Source material Block Start

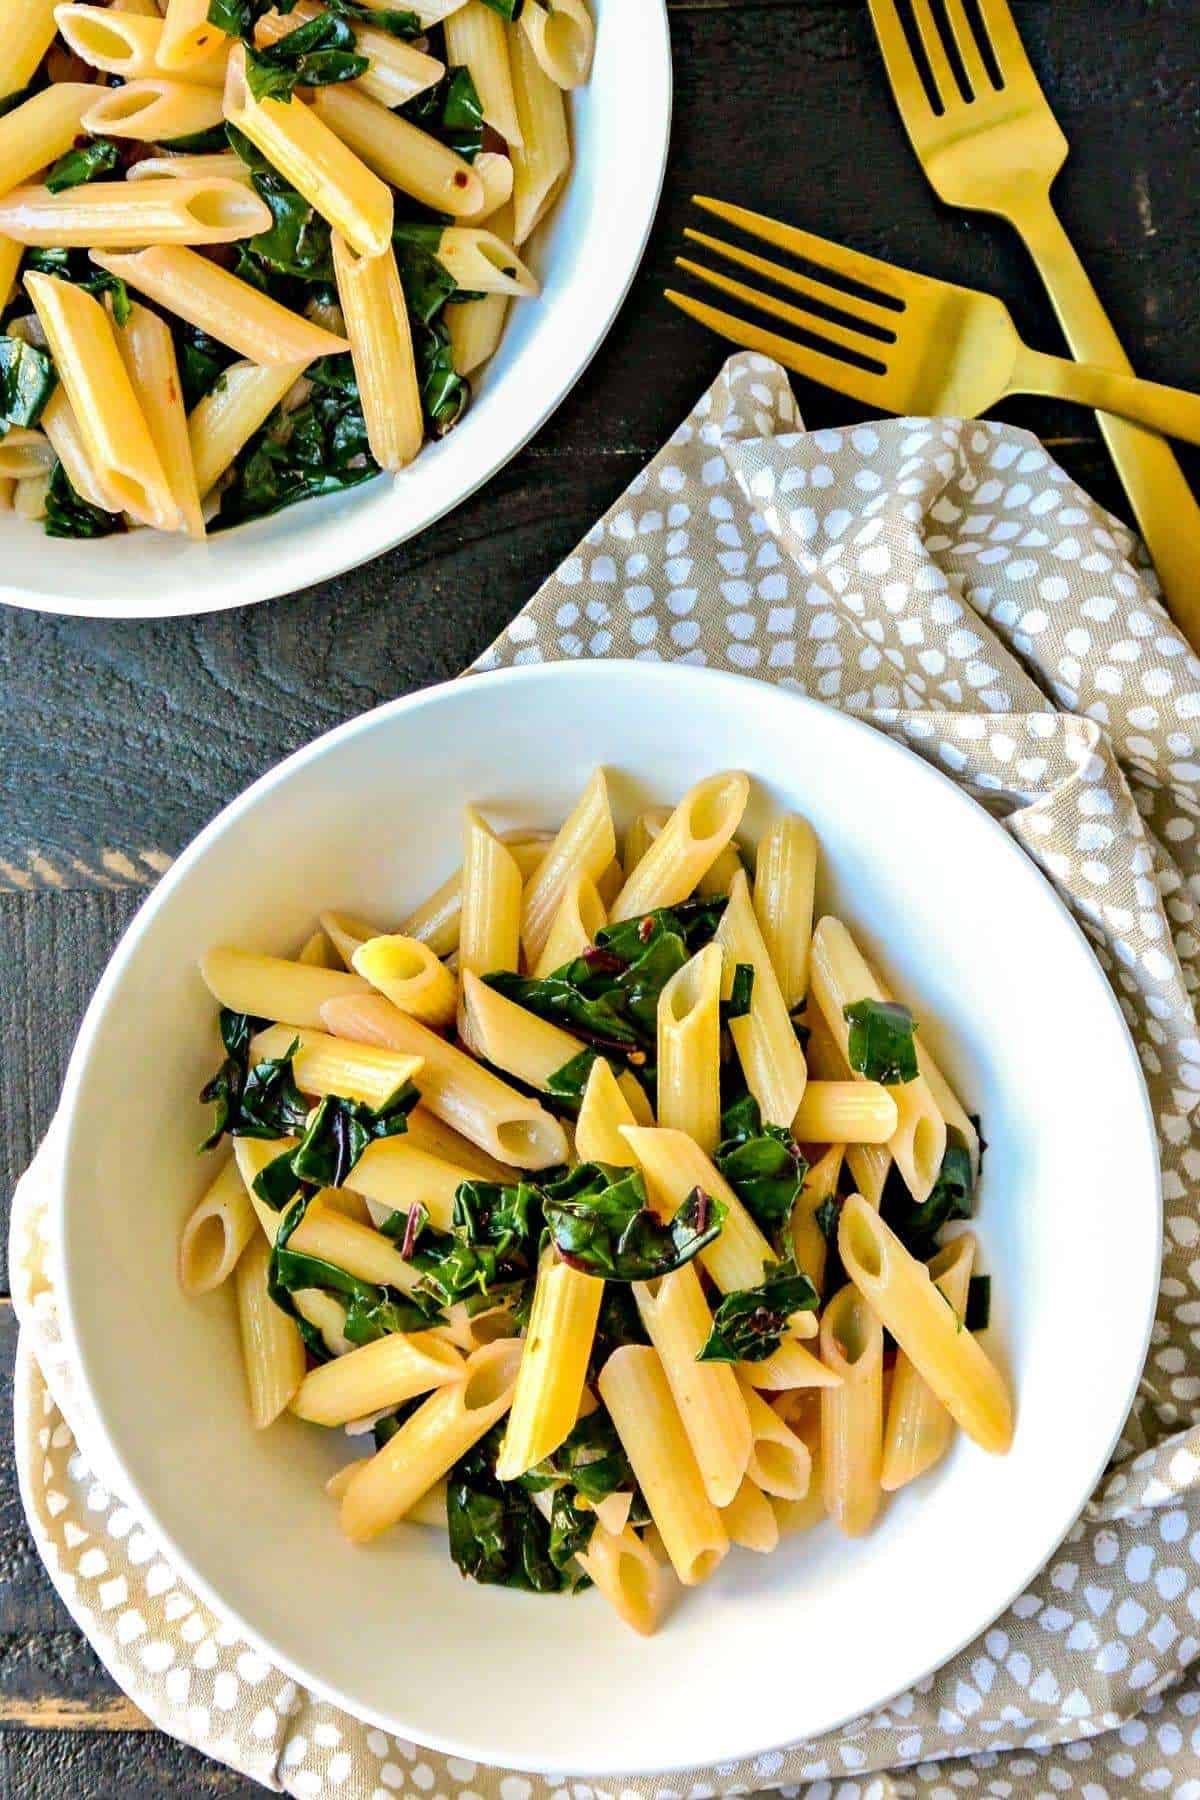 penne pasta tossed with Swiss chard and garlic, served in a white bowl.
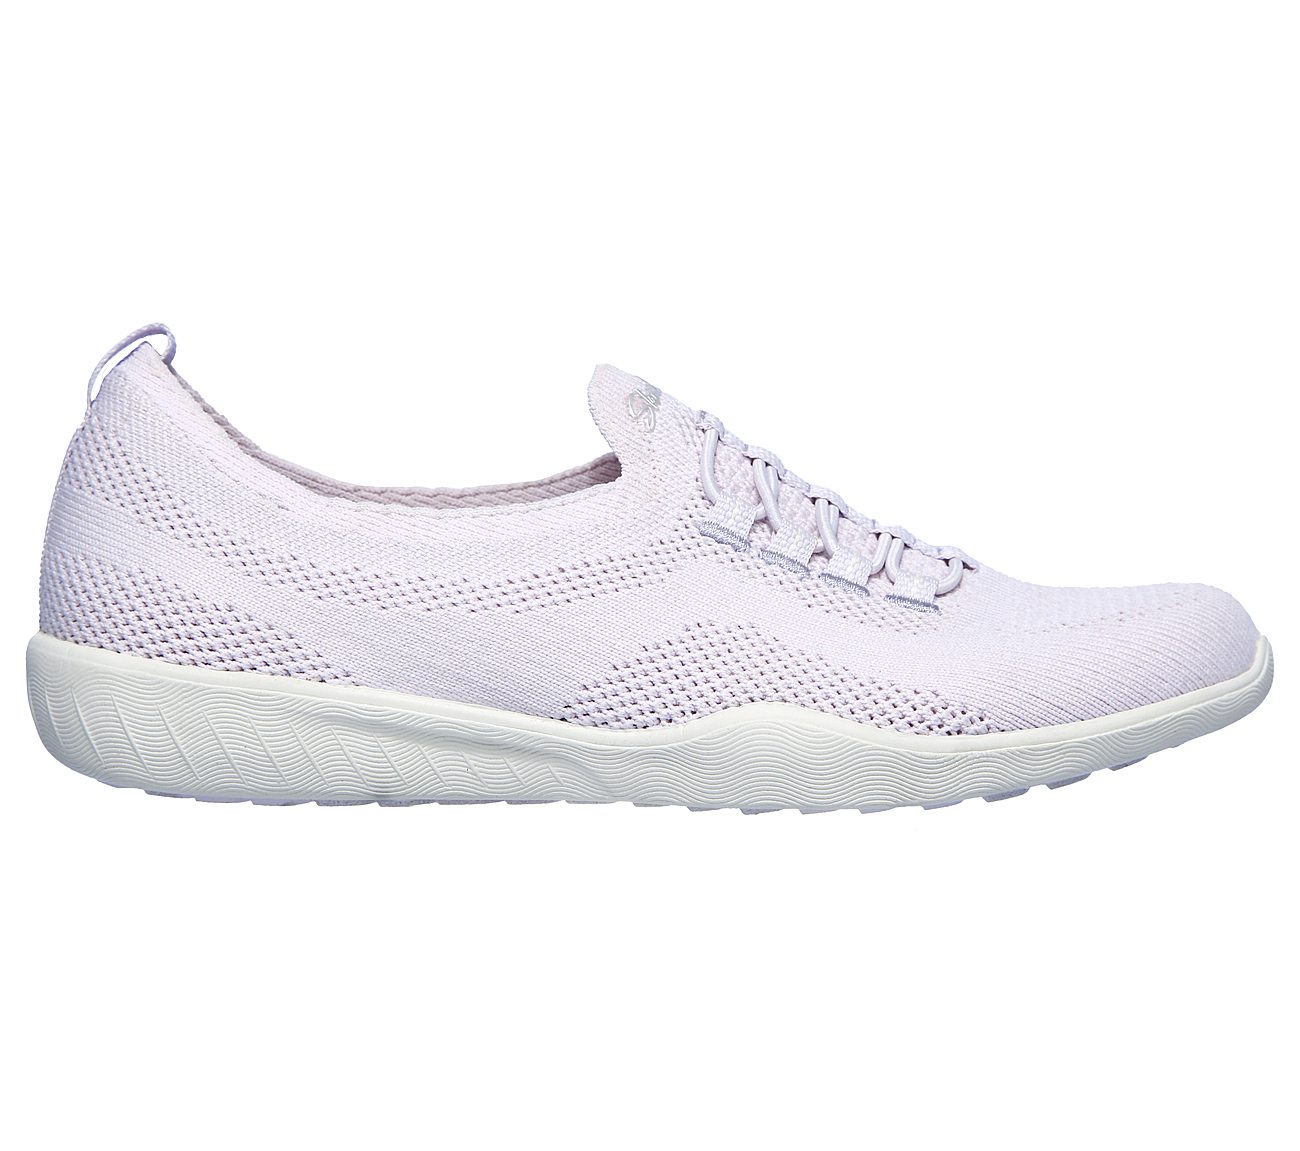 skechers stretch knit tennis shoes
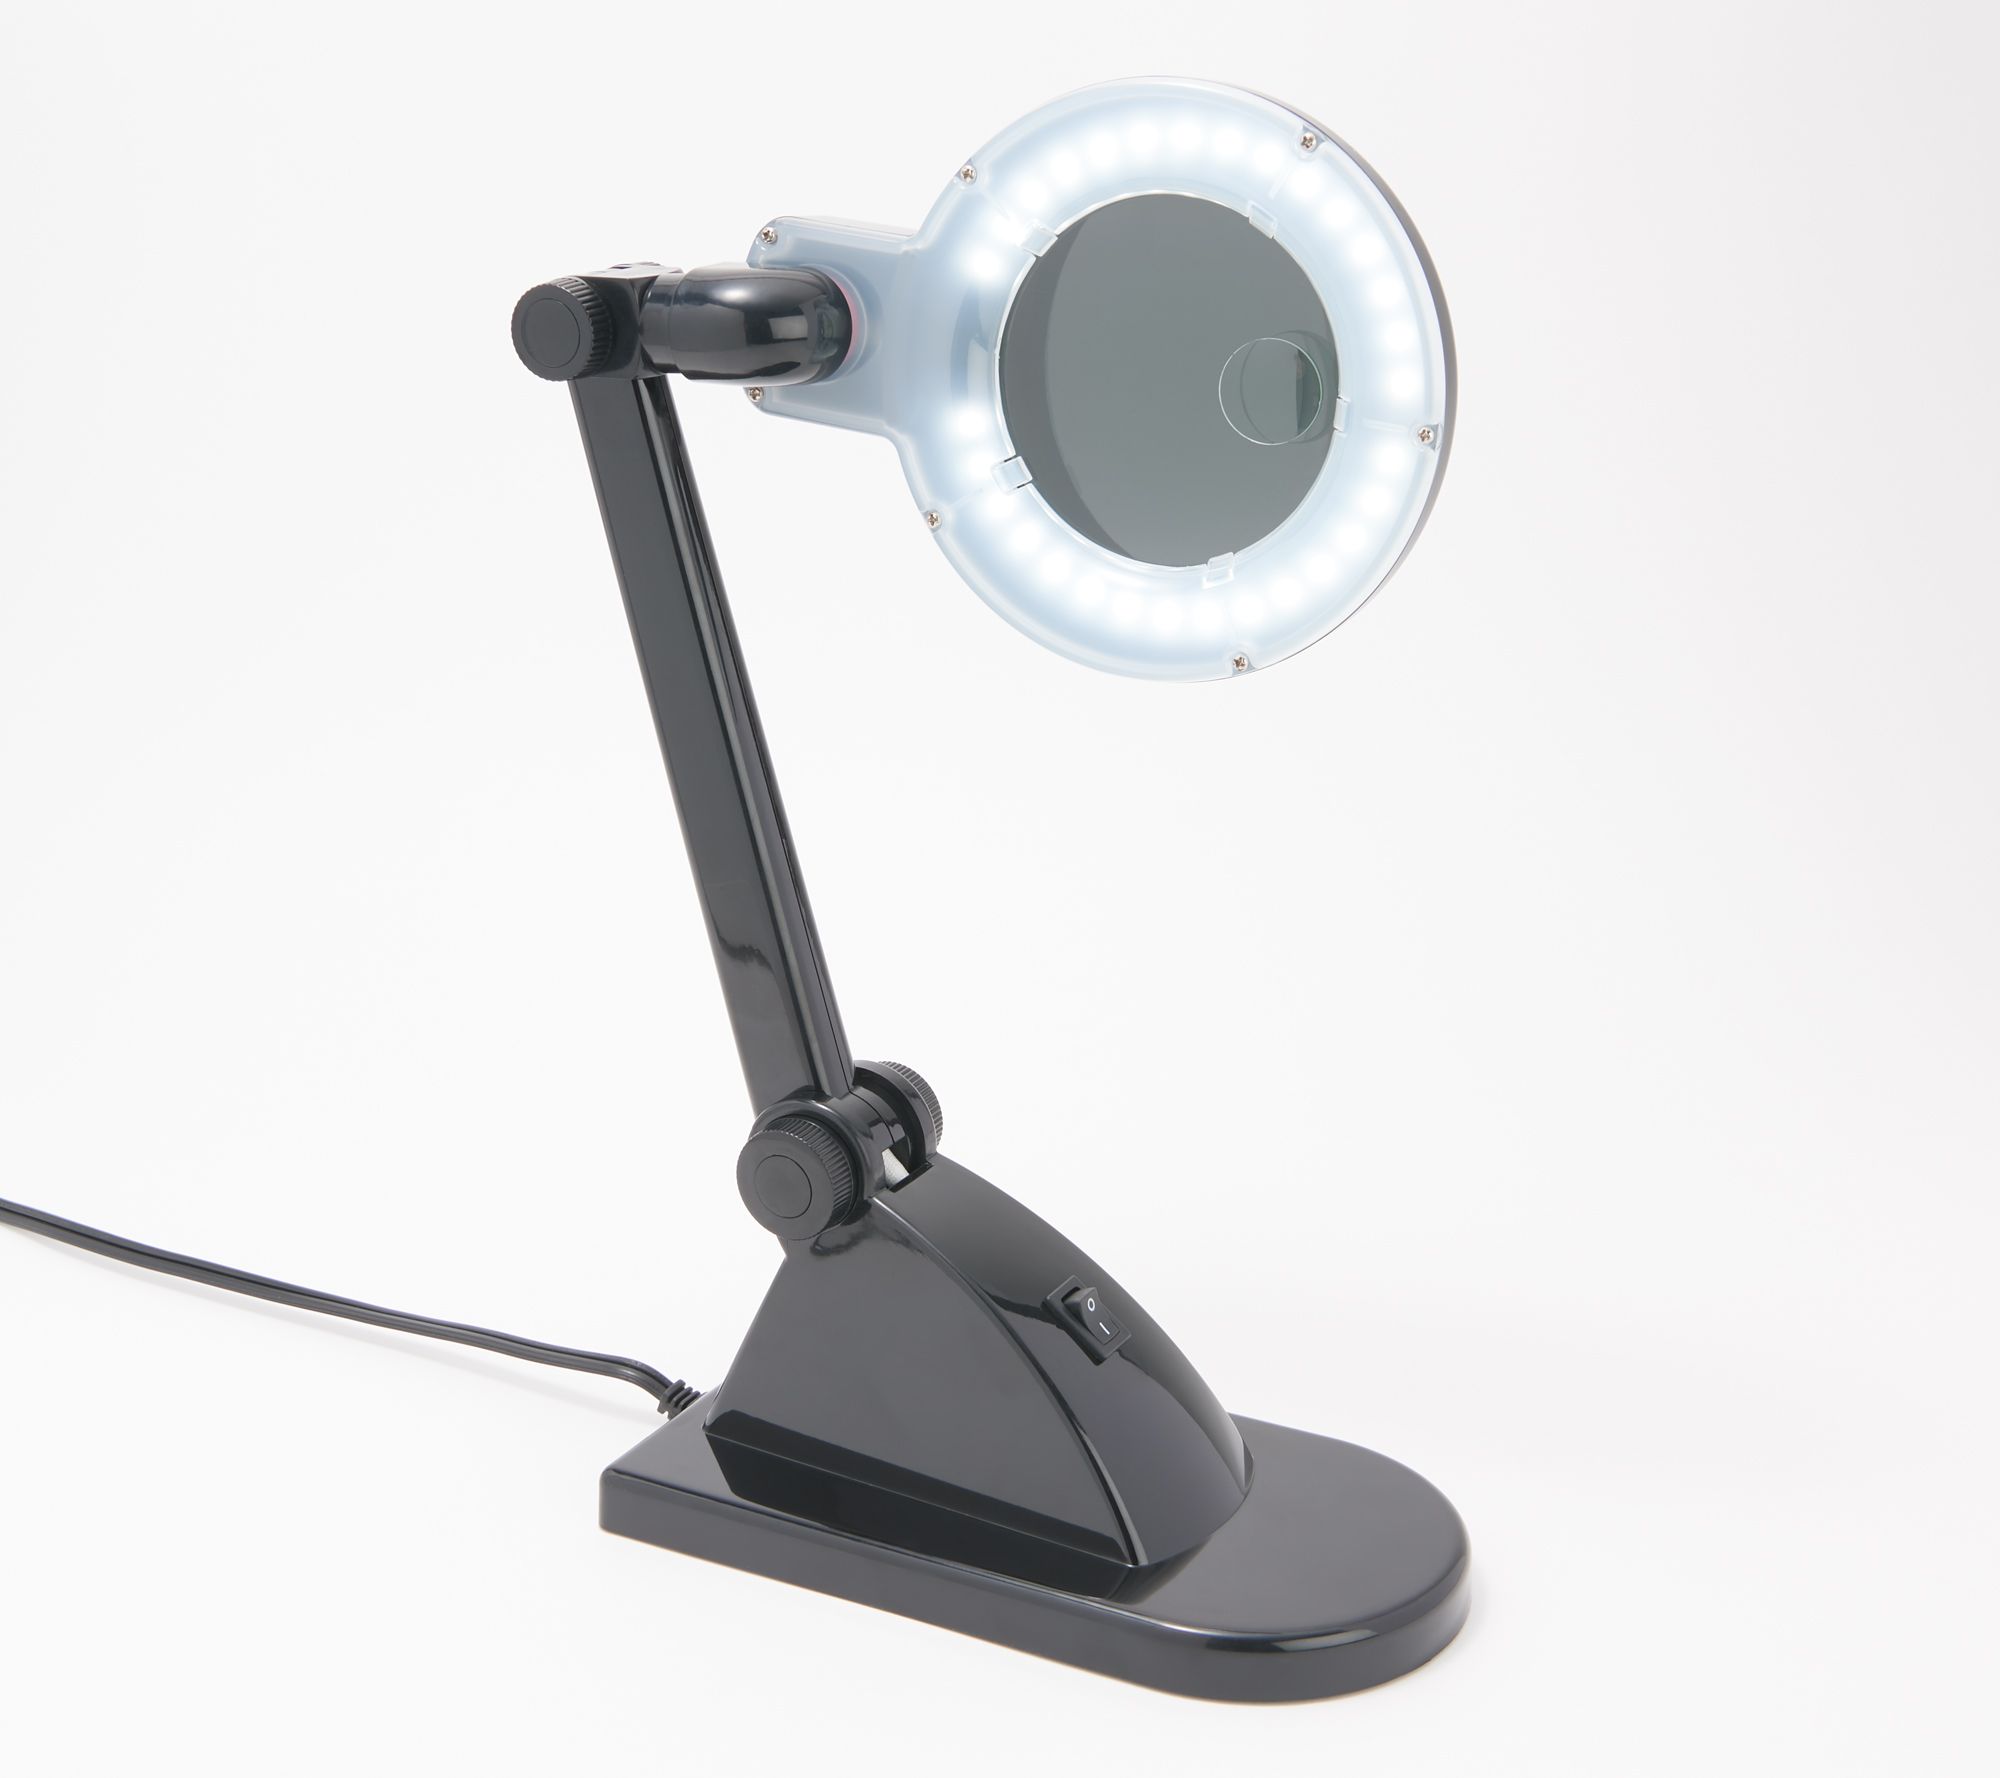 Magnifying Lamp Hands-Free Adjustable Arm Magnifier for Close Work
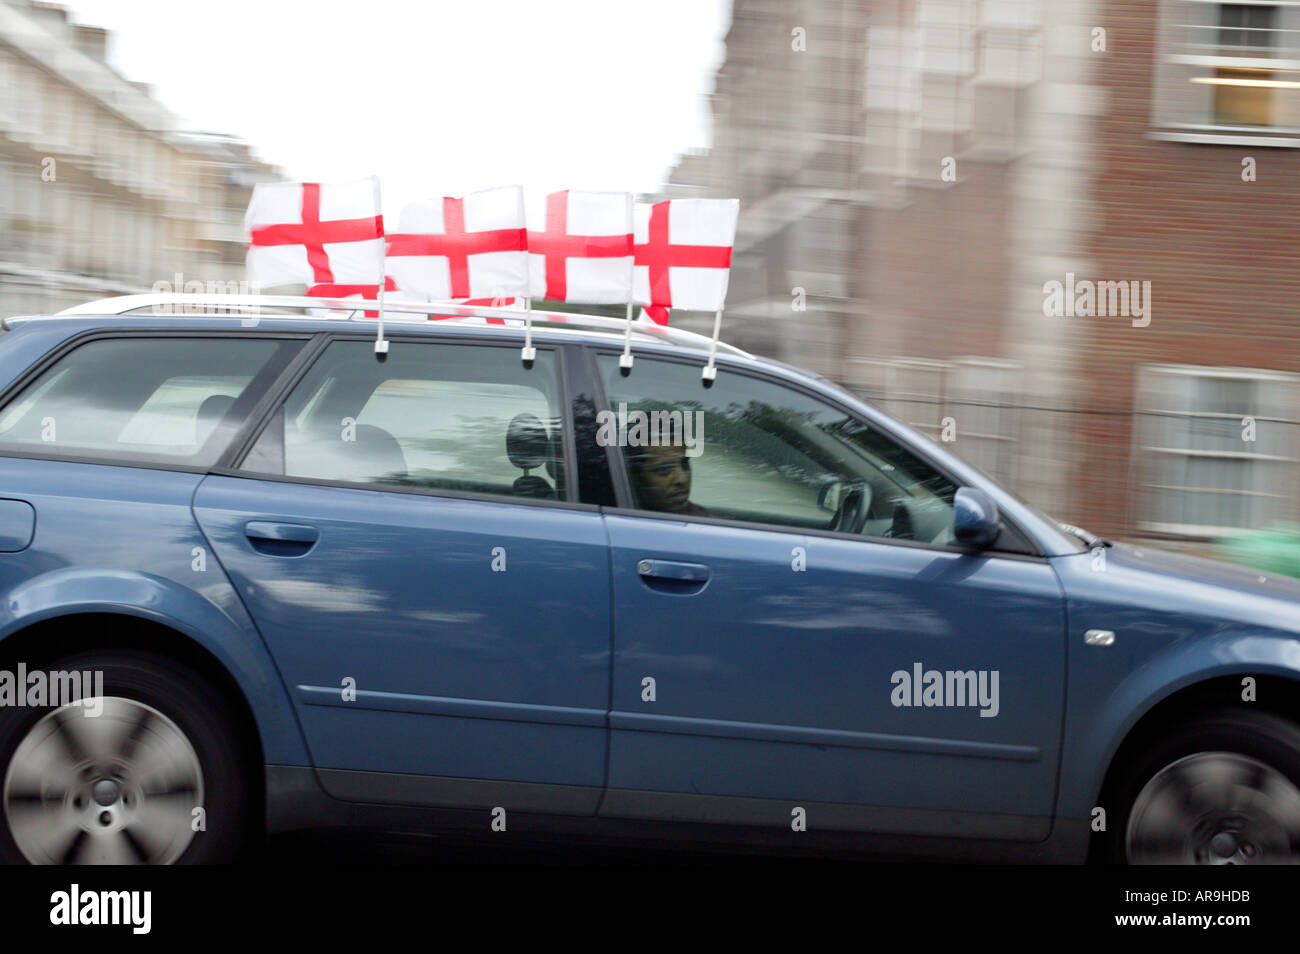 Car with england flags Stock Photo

Source material Block End

▶ _Action item_: Reproduce the listing exactly. Leave its pictures out.

▶ _Worked solution_:
 penne pasta tossed with Swiss chard and garlic, served in a white bowl.
 skechers stretch knit tennis shoes
 Magnifying Lamp Hands-Free Adjustable Arm Magnifier for Close Work
 Car with england flags Stock Photo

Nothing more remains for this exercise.